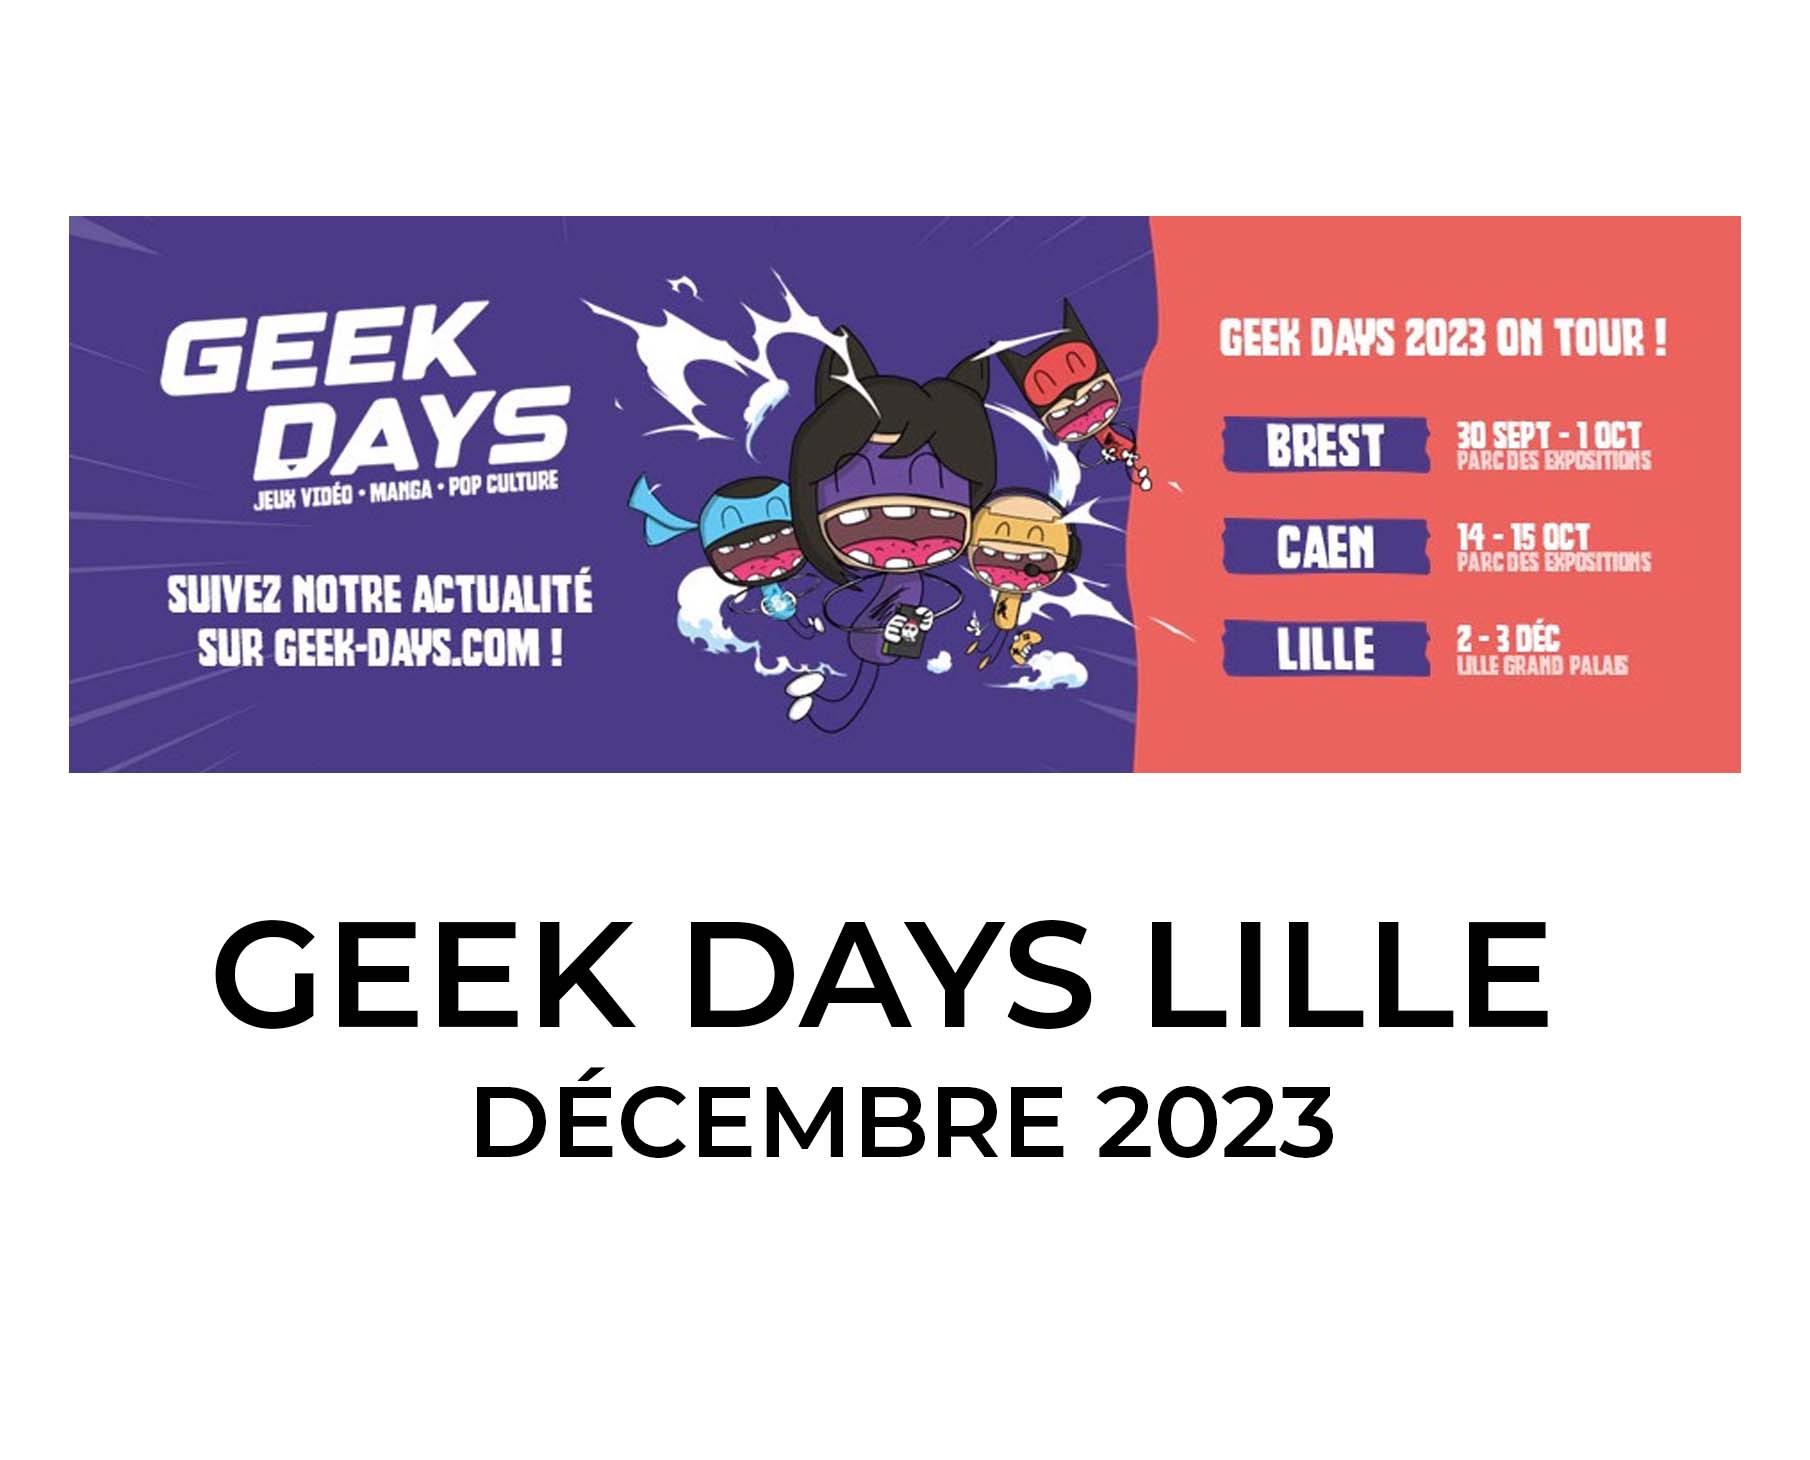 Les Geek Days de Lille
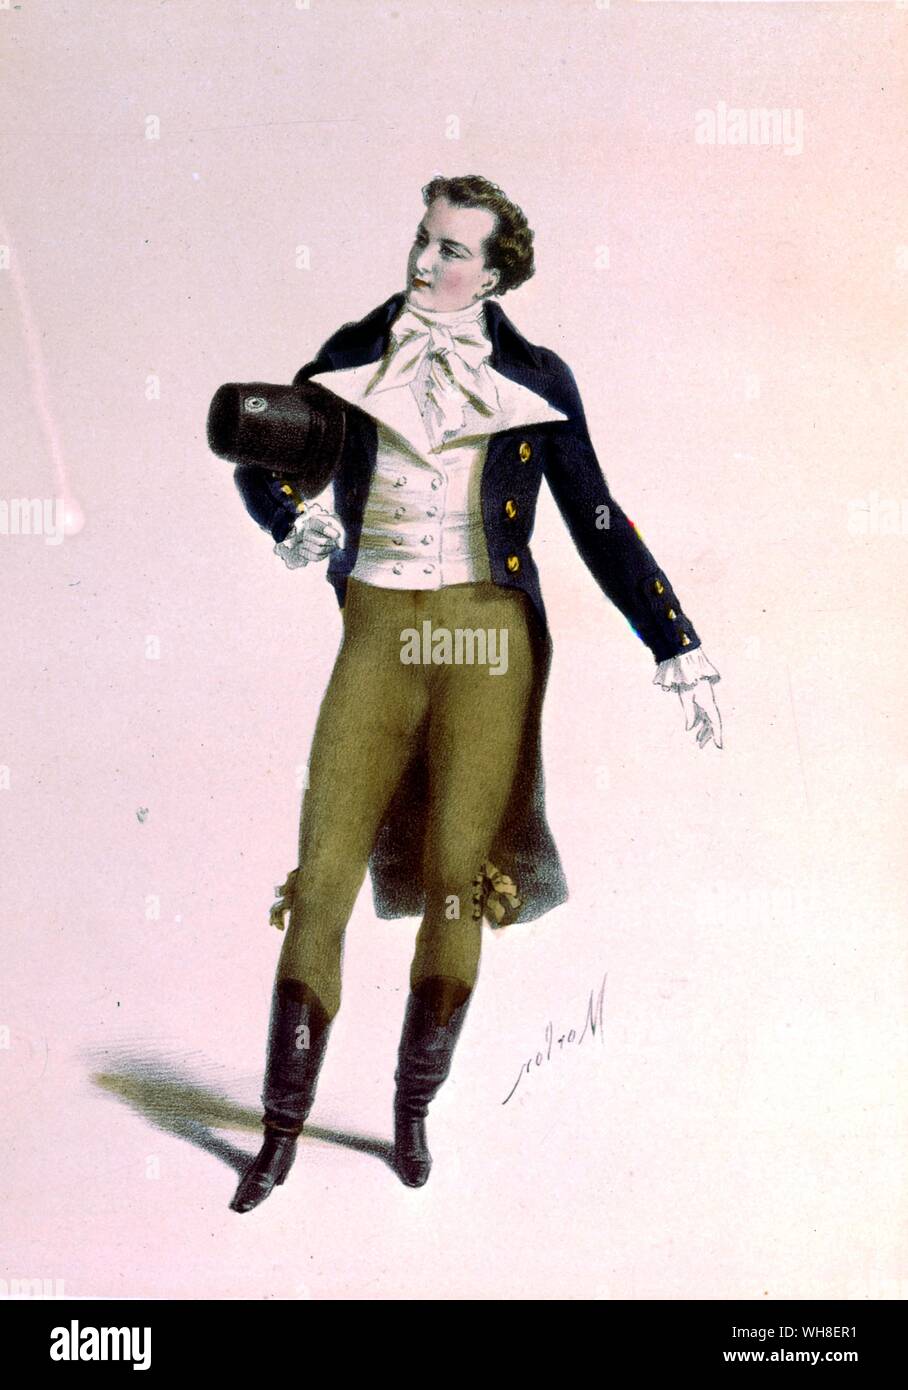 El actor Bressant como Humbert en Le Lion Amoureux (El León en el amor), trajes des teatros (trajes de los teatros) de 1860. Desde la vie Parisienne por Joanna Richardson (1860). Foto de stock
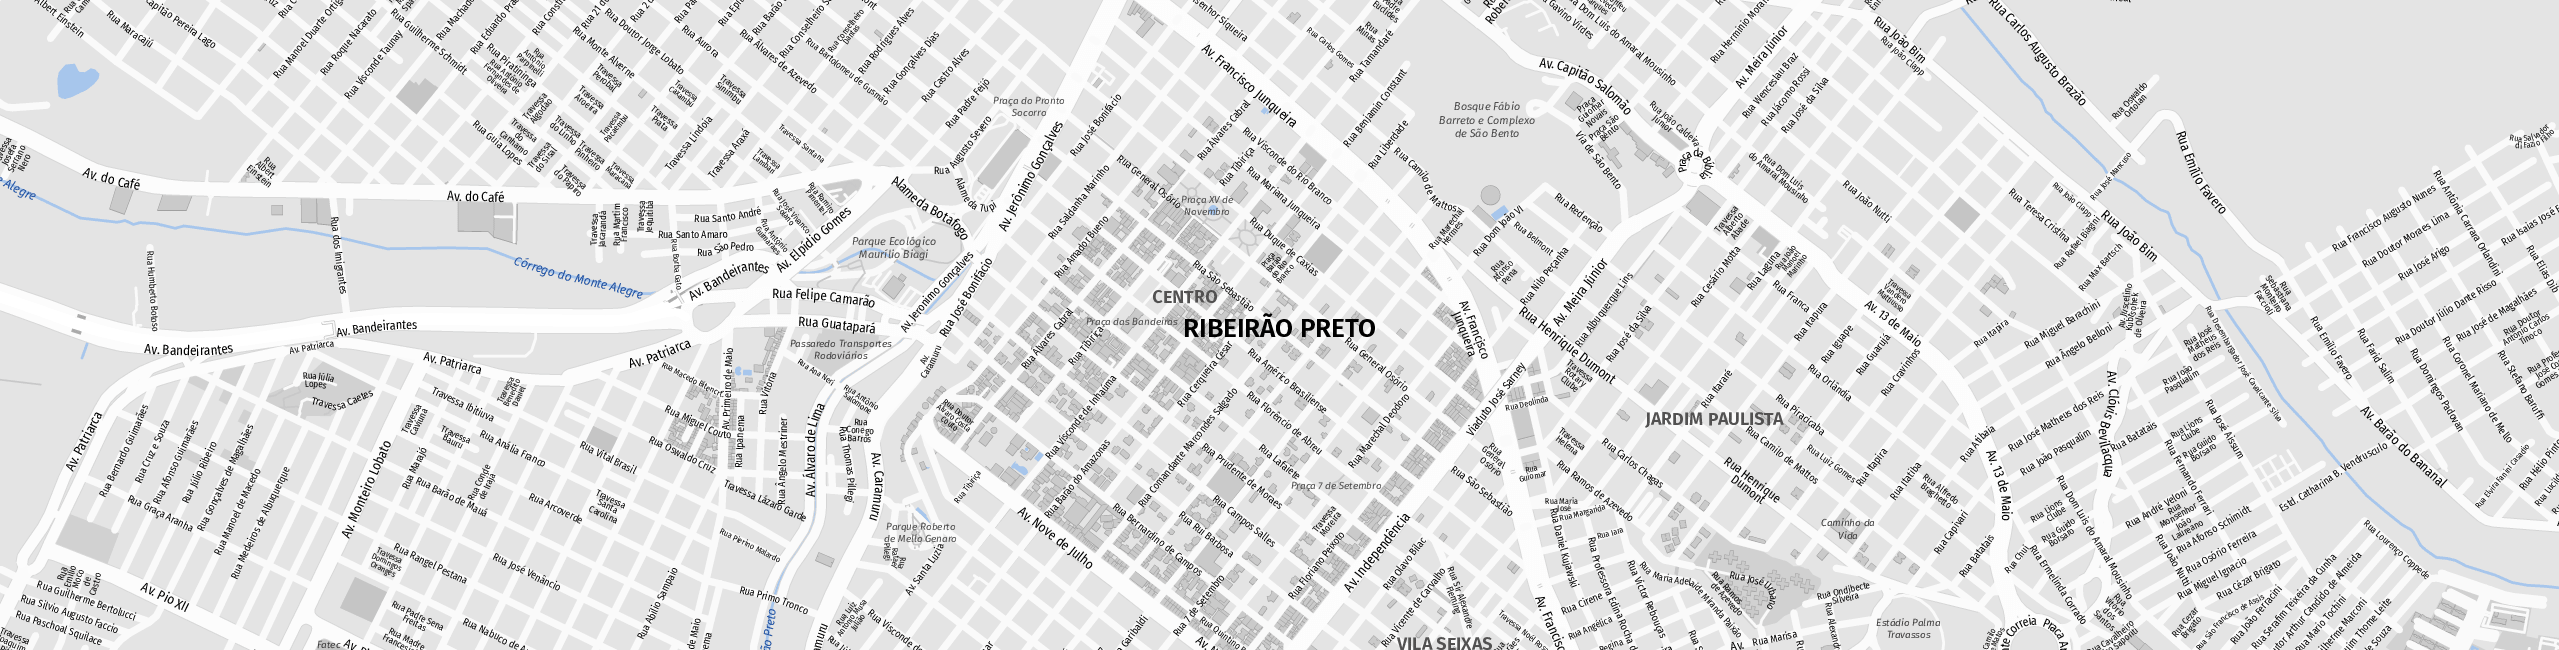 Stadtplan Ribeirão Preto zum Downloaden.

§ **Try it**: The expected answer is the data retyped exactly, without pictures.

§ **Solution for this task**:
 Les Geek Days de Lille
 El actor Bressant como Humbert en Le Lion Amoureux (El León en el amor), trajes des teatros (trajes de los teatros) de 1860. Desde la vie Parisienne por Joanna Richardson (1860). Foto de stock
 Stadtplan Ribeirão Preto zum Downloaden.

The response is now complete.